Por las cartas de quienes departían en esos días con el Papa, sabemos que éste se indignó y montó en cólera (21), especialmente por el abuso del imprimatur por el que fuero inculpados todos los responsables (34) (aunque también lo era el Papa) (21). Con esta acusación, y la de haber desobedecido en el Diálogo el decreto de 1616 al defender la verdad del copernicanismo (23), Galileo es llamado a Roma para declarar ante una comisión de expertos creada por el Papa a ese efecto, y no ante la Congregación del Santo Oficio, lo que se interpreta como un gesto de benevolencia (22). A pesar del peligro que suponía este viaje a sus 69 años de edad, no se atendió a excusas: se puso a su disposición una litera (24).
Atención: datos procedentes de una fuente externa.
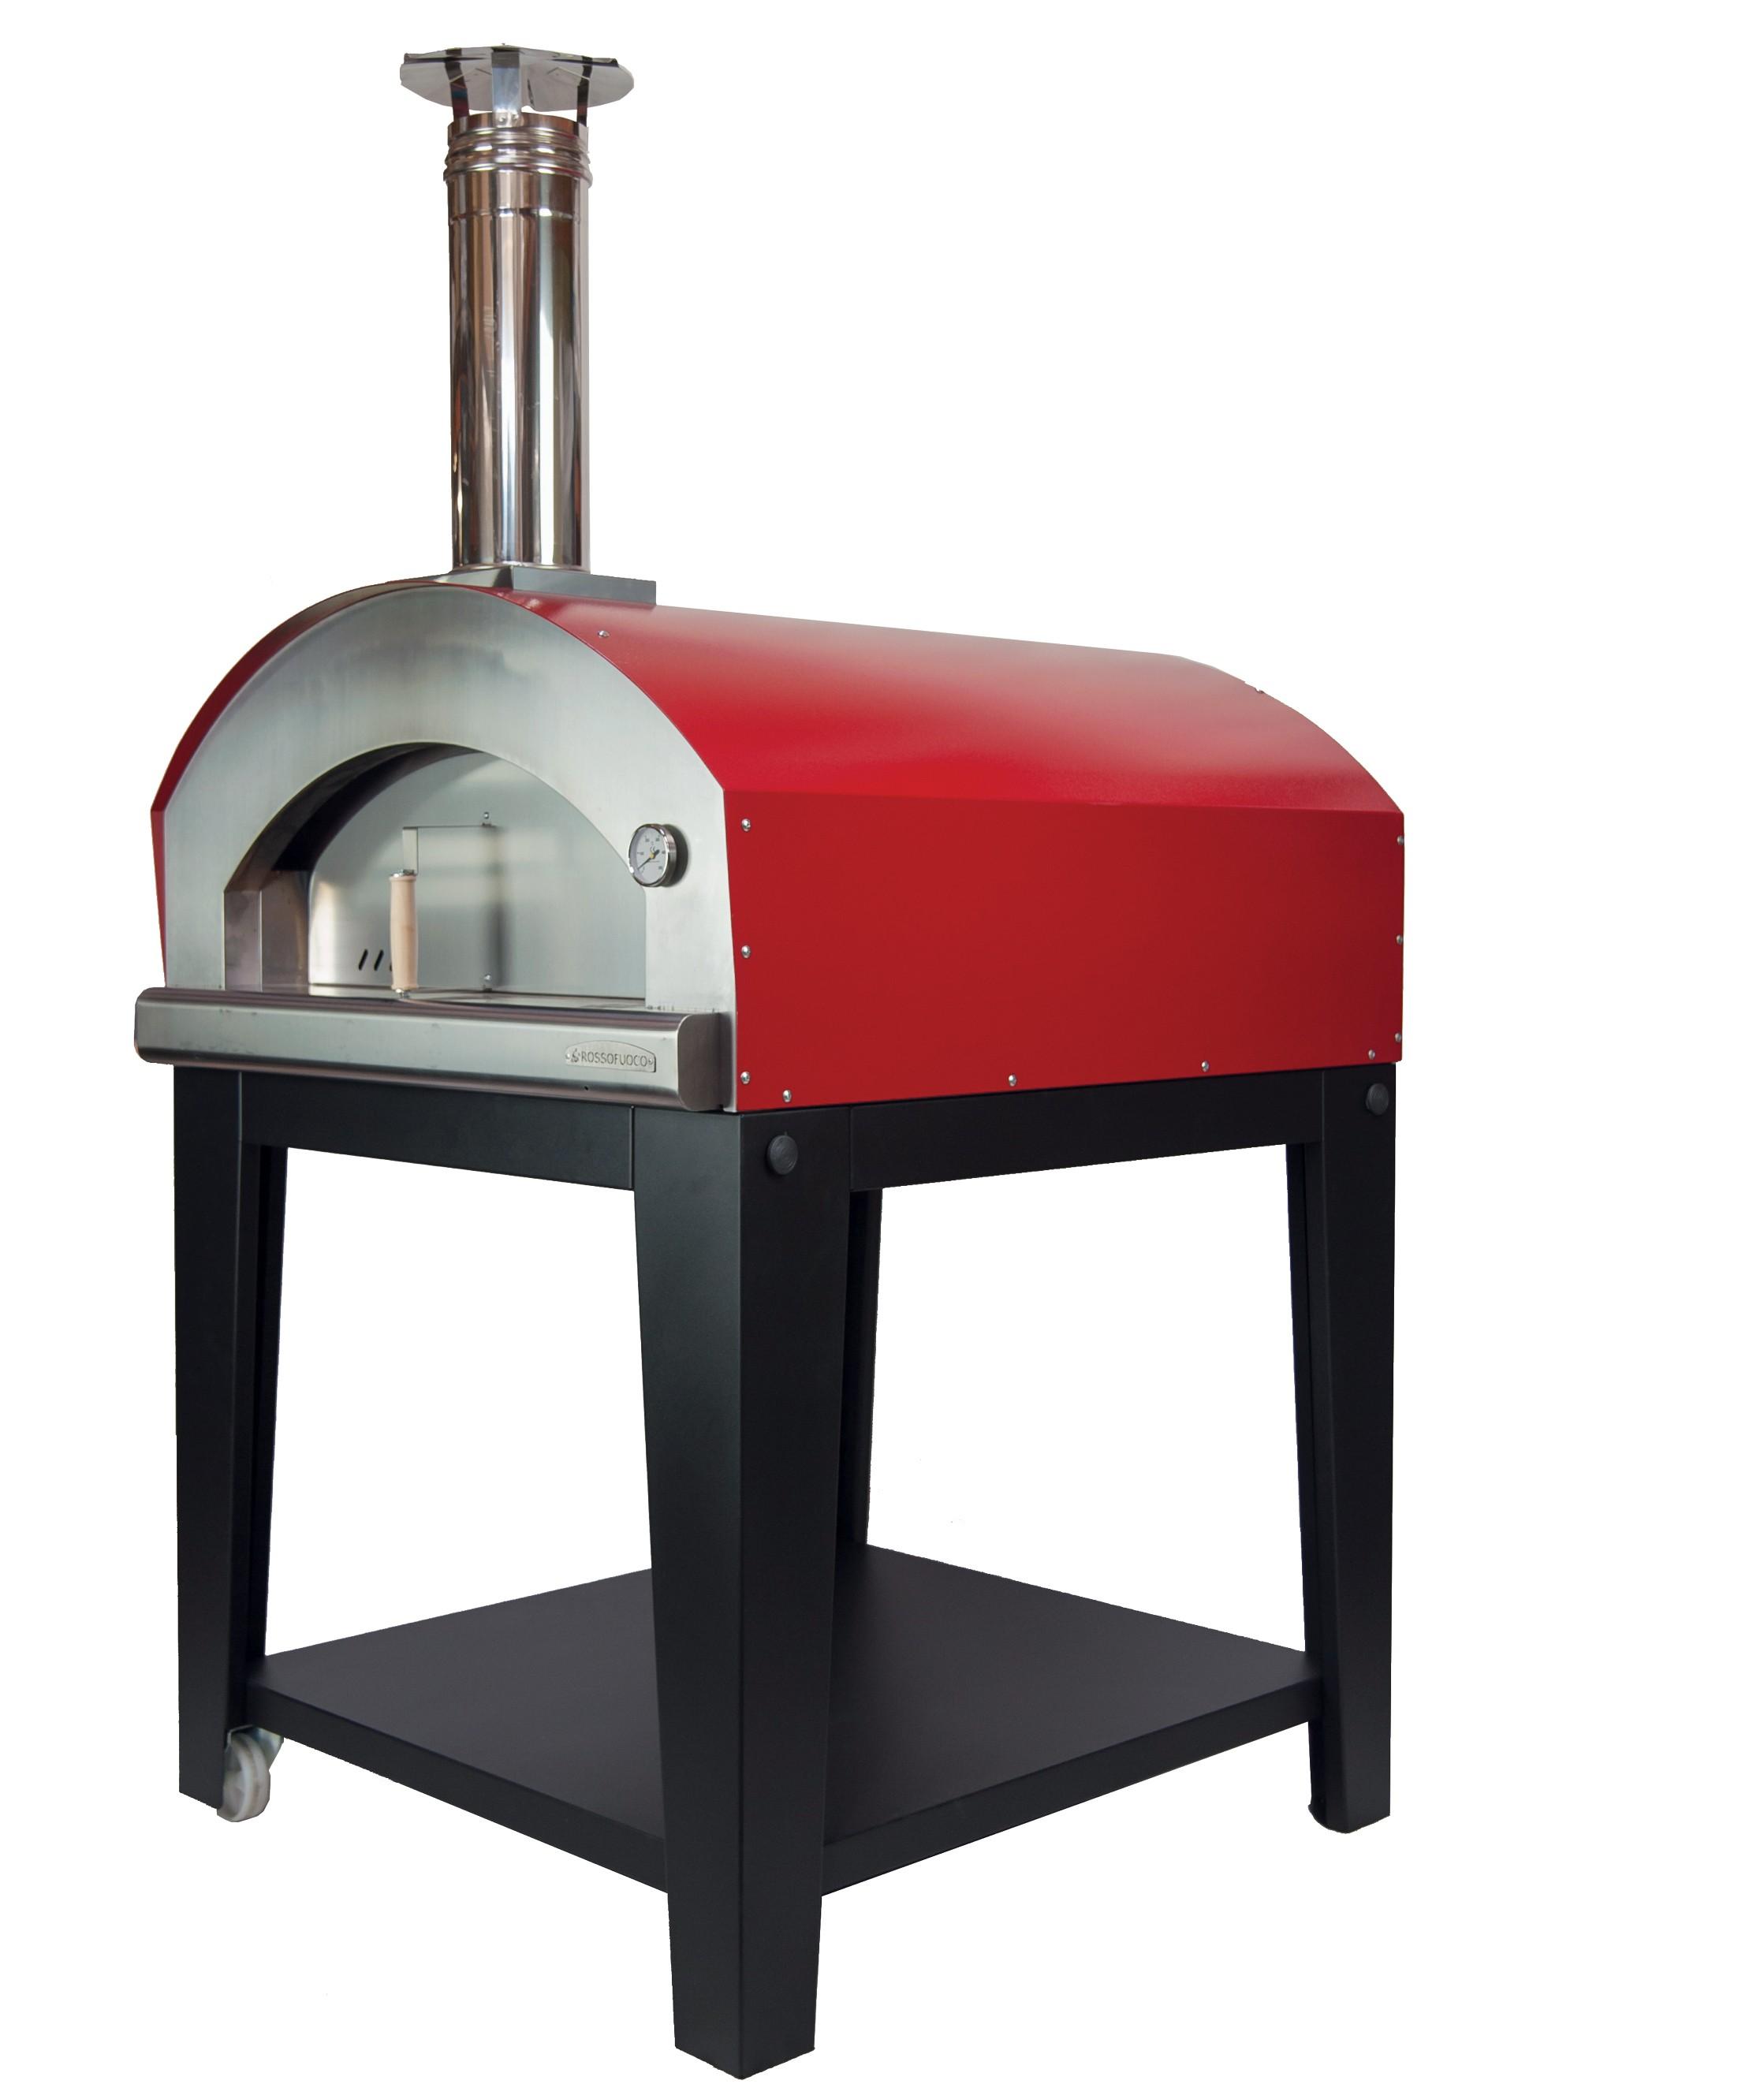 Thermomètre Four À Pain 500 four à pizza bois piu' trecento rossofuoco

En el interrogatorio del 12 de abril se le acusó de haber contravenido con su Diálogo un mandato explícito impuesto a él personalmente tras la consulta de 1616 por el Cardenal Bellarmino de parte de Paulo V. Se conservaba un documento en el que Bellarmino informaba que su admonición había sido llevada a cabo y aceptada y «fue del tenor» de que no mantuviera ni enseñara «de ningún modo» el movimiento de la Tierra (25). Galileo respondió que no recordaba que Bellarmino, ya fallecido, le prohibiera en esa ocasión enseñar el heliocentrismo «de ningún modo», como tampoco lo prohibía así el decreto de 1616, y les mostró una breve certificación manuscrita de Bellarmino sobre el contenido de la conversación: en efecto, no se decía «de ningún modo» (25). De hecho, Galileo afirmaba que le quedó la idea de que podía enseñar el heliocentrismo al modo ex hypothesi y que sólo así lo había expuesto en el Diálogo (26). La manifiesta falsedad de que hubiera hablado ex hypothesi en su obra figura advertida en todos los informes subsiguientes de los miembros de la Congregación (27), y uno de ellos, el Cardenal Maculano -simpatizante de Galileo y del copernicanismo-, le avisó privadamente (28) de que decir tal falsedad bajo juramento imprimía al proceso un mal giro y le aconsejó que reconociese que en su diálogo se hablaba absolutamente y no ex hypothesi. Así lo hizo Galileo tras releer un ejemplar de su obra, y en seguida pidió ser oído por la Congregación; su nueva declaración fue tomada el 30 de abril. Pero aparte la contradicción con la declaración anterior que esto suponía, Galileo desgraciadamente añadió que su intención en el Diálogo no había sido demostrar, sino confutar, el copernicanismo, aunque quedará la impresión contraria por haberse dejado llevar de la vanidad de quien muestra su habilidad probando una proposición falsa. Declaró además que desde 1616 tenía a la Tierra por inmóvil (29).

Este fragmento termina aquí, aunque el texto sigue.